On Wednesday, 11 September 2013 at 20:16:52 UTC, H. S. Teoh wrote:
On Wed, Sep 11, 2013 at 10:07:02PM +0200, Jacob Carlborg wrote:
On 2013-09-11 17:09, Dicebot wrote:
>Those should be provided as sources and built by dub too.
>Distributing binary packages requires both package signing and
>reasonable web of trust - something that is not easy to "just
>implement" from scratch. Otherwise any single malicious
>package may
>ruin reputation of the whole system.
The same can be said of malicious source code. Just because it
wasn't
precompiled for you doesn't mean you're going to read through
every line
to ensure there are no malicious bits before compiling and
using it.
Using the package at all -- regardless of whether it's source
or binary
-- implies a certain level of trust already.
Source packages are never trusted by default. It is your (and
community) responsibility to verify the source if it is
important.
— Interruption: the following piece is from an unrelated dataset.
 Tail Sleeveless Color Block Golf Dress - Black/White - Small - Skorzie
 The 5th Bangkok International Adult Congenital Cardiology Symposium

Or just ignore the possible consequences if it is not
worth it. Contrary to this, binary package does not leave any
verification options and in absence of any package signing /
trust network one has no other choice but to always consider
those harmful.
It is subtle but important difference. As far as I am aware, all
major Linux distributions have rather complex infrastructure that
assures basic package safety. It is imperfect, of course, but any
custom system will be far far away even from that.